TRB-2 Le plasmide d'activation CRISPR (h) est un système SAM (synergistic activation mediator) à trois plasmides conçu pour une régulation à la hausse hautement efficace et spécifique du locus TRIB2 dans des lignées cellulaires humaines. Le système s'articule autour d'une Cas9 catalytiquement inactive (dCas9) portant deux mutations inactivantes (D10A et N863A) qui éliminent l'activité nucléase tout en préservant la liaison à l'ADN. Cette dCas9 est fusionnée à VP64, un puissant activateur transcriptionnel, et est co-exprimée avec un gène de résistance à la blasticidine pour la sélection. Le deuxième plasmide code pour la protéine de fusion MS2-p65-HSF1, un complexe activateur secondaire qui agit de concert avec dCas9-VP64, ainsi qu'un gène de résistance à l'hygromycine. Le troisième plasmide code pour un ARN guide (sgRNA) de 20 nt spécifique de la cible, fusionné à deux aptamères d'ARN MS2 qui recrutent le complexe MS2-p65-HSF1 vers le site d'activation, accompagné d'un gène de résistance à la puromycine. Les trois plasmides sont délivrés dans un rapport massique de 1:1:1 pour une expression équilibrée de tous les composants du système.
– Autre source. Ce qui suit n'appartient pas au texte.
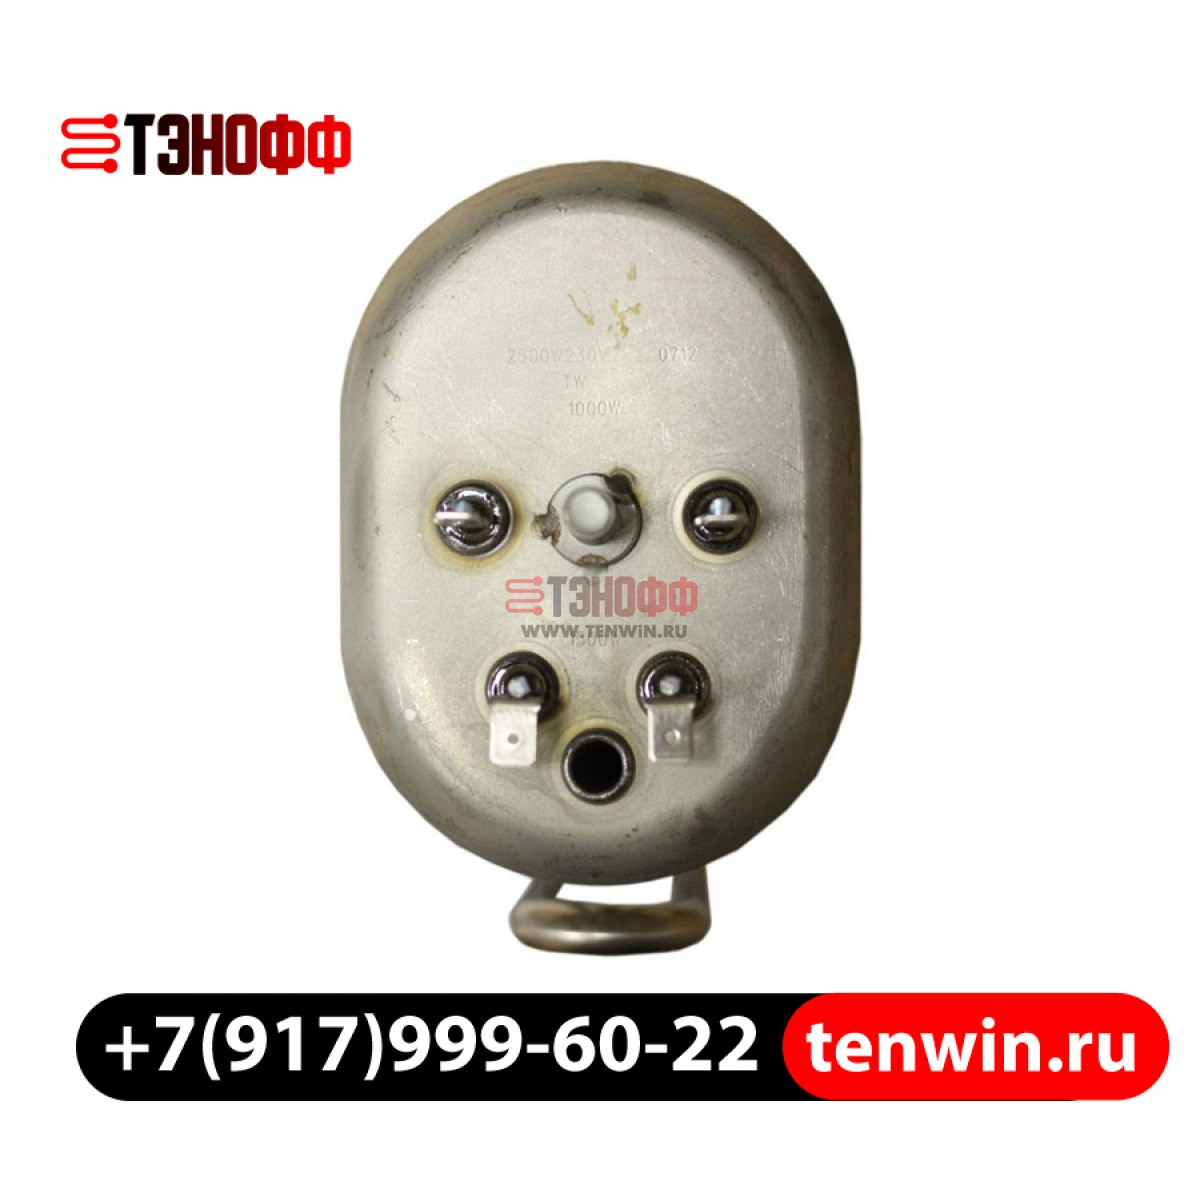 ТЭН 2500Вт овальный фланец для водонагревателя Ariston 65150909

Une fois assemblé au locus cible, le complexe SAM se lie à environ 200 pb en amont du site de départ de la transcription TRIB2, où VP64, p65 et HSF1 agissent de concert pour recruter la machinerie transcriptionnelle et induire une régulation à la hausse de l'expression endogène de TRB-2. Contrairement à Cas9, qui possède une activité nucléase, dCas9 n'introduit pas de cassures double brin ni ne modifie la séquence génomique, préservant ainsi le locus TRIB2 natif et permettant l'étude des réponses transcriptionnelles dépendantes de TRB-2 au niveau du locus endogène, ce qui en fait un outil précieux pour les études fonctionnelles, l'identification de gènes cibles et la modélisation de la restauration de la voie TRB-2 dans les cellules tumorales présentant une expression de TRIB2 silencée ou réduite.
Réservé à la recherche. N'est pas destiné à un usage diagnostique ou thérapeutique.